As previously stated, defendant’s contention that plaintiff’s second cause of action does not state a cause of action separate and distinct from the customary cause of action for malpractice is well taken. The measure of damages in each case is the same, i.e., the value of plaintiff’s claim for negligence against the governmental body or bodies responsible for the alleged unsafe condition of the road at the site of the accident. While a defendant’s concealment or failure to disclose his own malpractice without more does not give rise to a cause of action for fraud or deceit separate and distinct from the customary malpractice action, a separate cause of action for fraud may be established where exposure to liability is not based on errors of professional judgment, but is predicated on proof of the commission of an intentional tort (Simcuski v Saeli, 44 NY2d 442, 452-453, supra). The case of Simcuski v Saeli then sets forth the elements that must be established to prove a cause of action for fraud separate from the malpractice action (supra, at 453-454).
The problem in this case relates to proof of additional damages in the fraud cause of action. In order to establish damages for fraud, plaintiff was required to show that the condition caused by the malpractice could have been corrected or alleviated (see, supra). Here, it appears that the malpractice could have been alleviated if defendant had disclosed to plaintiff that he had failed to timely file any required notice of claim and plaintiff could have then obtained a new attorney who could have secured permission to file a late claim within the allotted time (see, General Municipal Law § 50-e [5]). However, the damages for the failure to do this are the value of the claim lost, i.e., the negligence claim. Thus, as the damages sustained by virtue of a fraud must be different or *712additional to those sustained by virtue of any malpractice (see, Harkin v Culleton, 156 AD2d 19, 21, 25, supra; see also, Simcuski v Saeli, supra, at 452-454), and the fraud damages here are the same, plaintiffs fraud claim cannot be maintained (see, supra). We make this assessment even as we construe the complaint liberally in favor of plaintiff on this motion to dismiss (see, Carp v Marcus, 112 AD2d 546).
Finally, we reject defendant’s claim that Supreme Court erred in not ordering an immediate pretrial hearing on whether the doctrines of equitable estoppel and continuous treatment are operable here to bar defendant from asserting the Statute of Limitations as a defense. Under CPLR 3211 (c), the authority to order an immediate hearing in advance of trial is a matter left to the sound discretion of the trial court (see, Von Thaden v Groves & Sons Co., 97 AD2d 677, 678; see also, De Vore v Osborne, 78 AD2d 915, 916). Here, there is no showing that Supreme Court abused its discretion in this regard.
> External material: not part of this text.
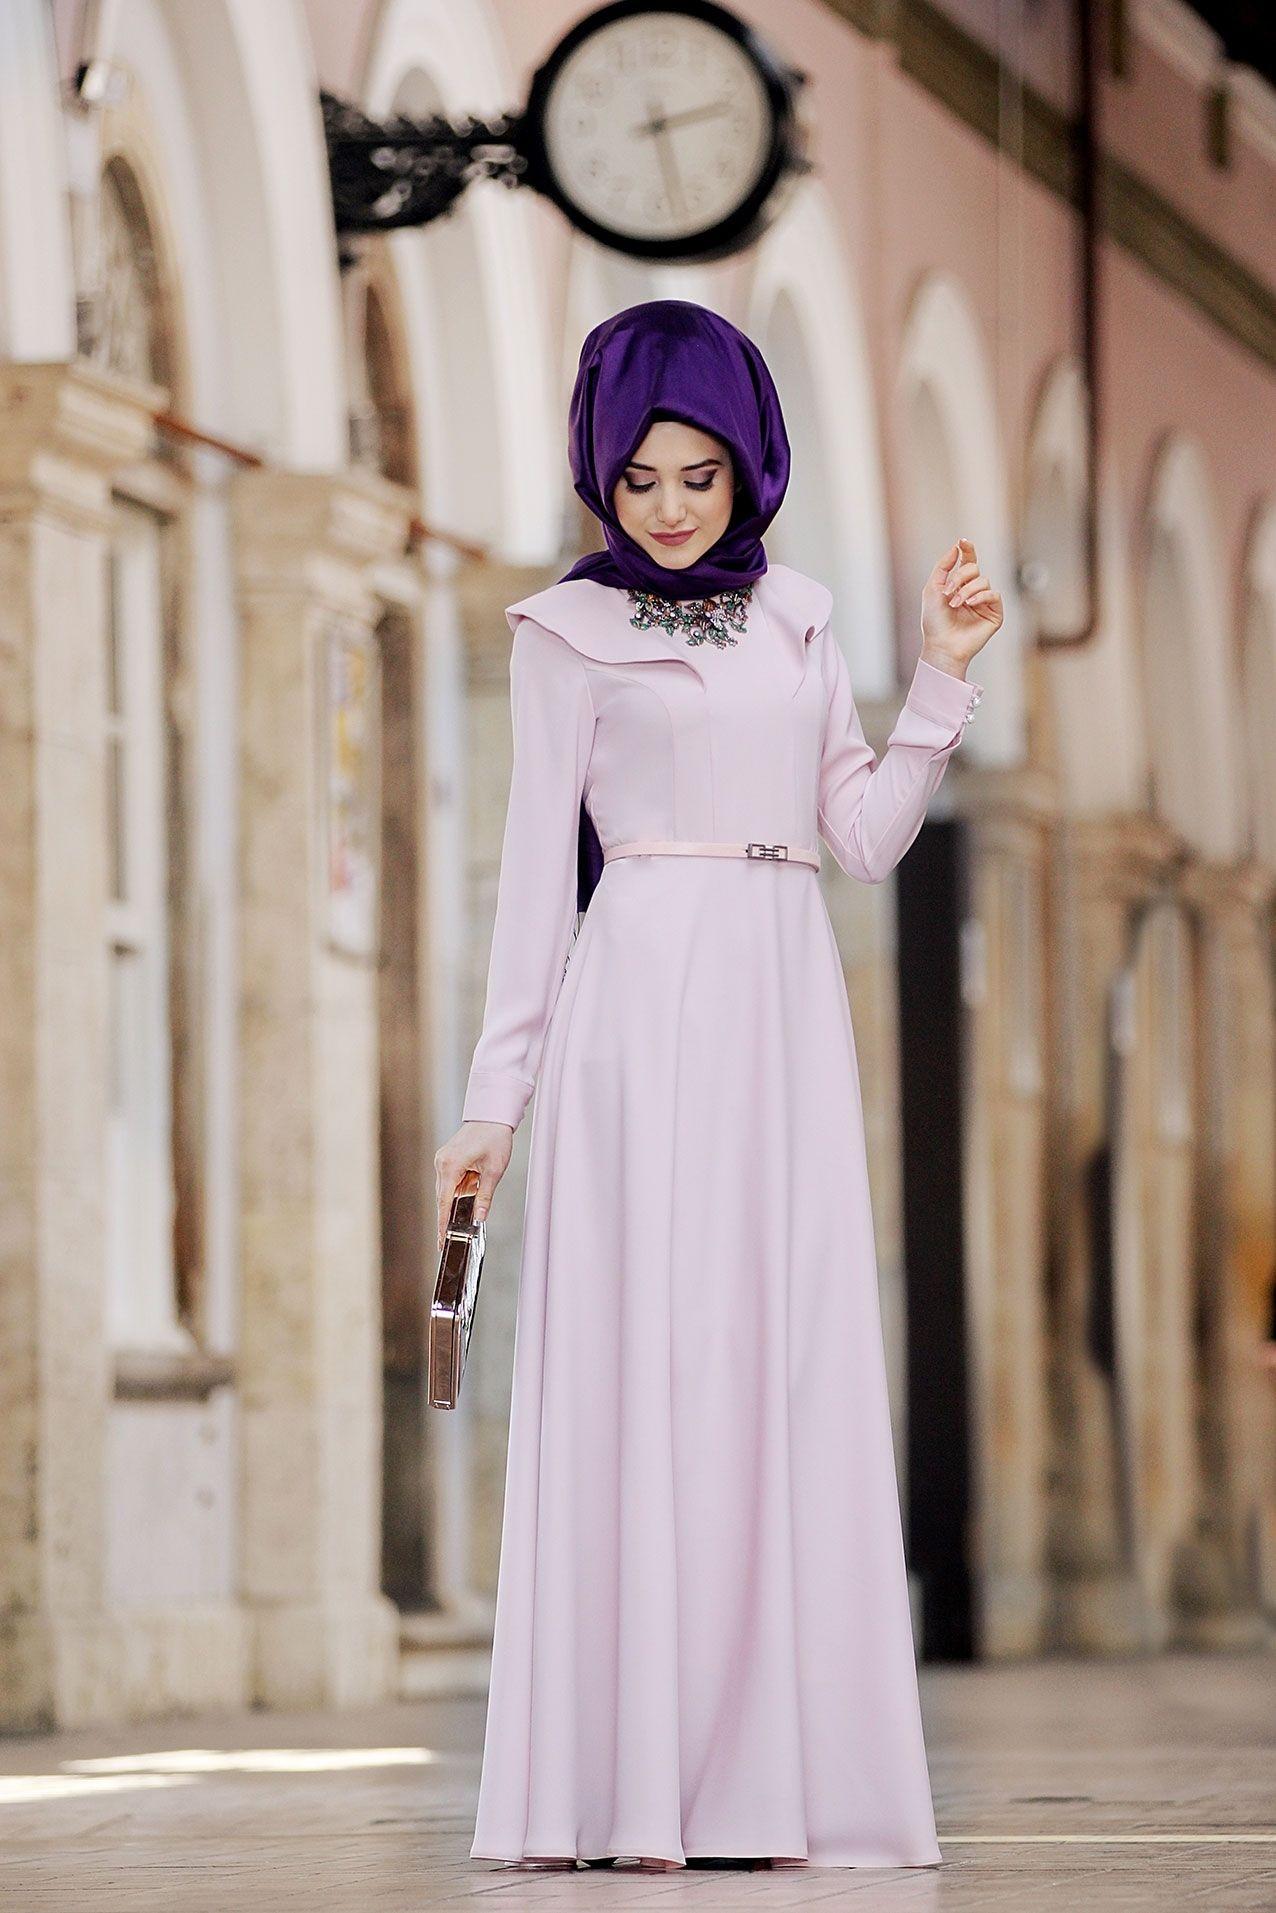 38399e6e40746 Gamze Polat yazlık tesettür elbise | hijab | Giyim, Elbiseler ...

Order modified, on the law, without costs, by reversing so much thereof as denied defendant’s motion to dismiss plaintiff’s second cause of action and granted plaintiff’s cross motion for an order directing defendant to serve an answer to the second cause of action; motion granted, cross motion denied and said cause of action dismissed; and, as so modified, affirmed. Weiss, Mikoll and Mercure, JJ., concur.